Often mistaken with the Southern Giraffes, Northern giraffes can be differentiated by the shape and size of the two distinctive horn-like protuberances known as ossicones on their foreheads; they are longer and larger than those of southern giraffes. Bull Northern giraffes have a third cylindrical ossicone in the center of the head just above the eyes, which is from 3 to 5 inches long.

Distribution and habitat
Northern giraffes live in savannahs, shrublands, and woodlands. After numerous local extinctions, Northern giraffes are the least numerous giraffe species, and the most endangered.

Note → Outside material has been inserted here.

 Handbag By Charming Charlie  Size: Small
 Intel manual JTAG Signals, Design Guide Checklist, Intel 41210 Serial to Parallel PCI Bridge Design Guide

In East Africa, they are mostly found in Kenya and southwestern Ethiopia, and rarely in northeastern Democratic Republic of the Congo and South Sudan. In Central Africa, there are about 2,000 in the Central African Republic, Chad and Cameroon. Once widespread in West Africa, a few hundred Northern giraffes are confined in the Dosso Reserve of Kouré, Niger. They are isolated in South Sudan, Kenya, Chad and Niger. They commonly live both in and outside of protected areas.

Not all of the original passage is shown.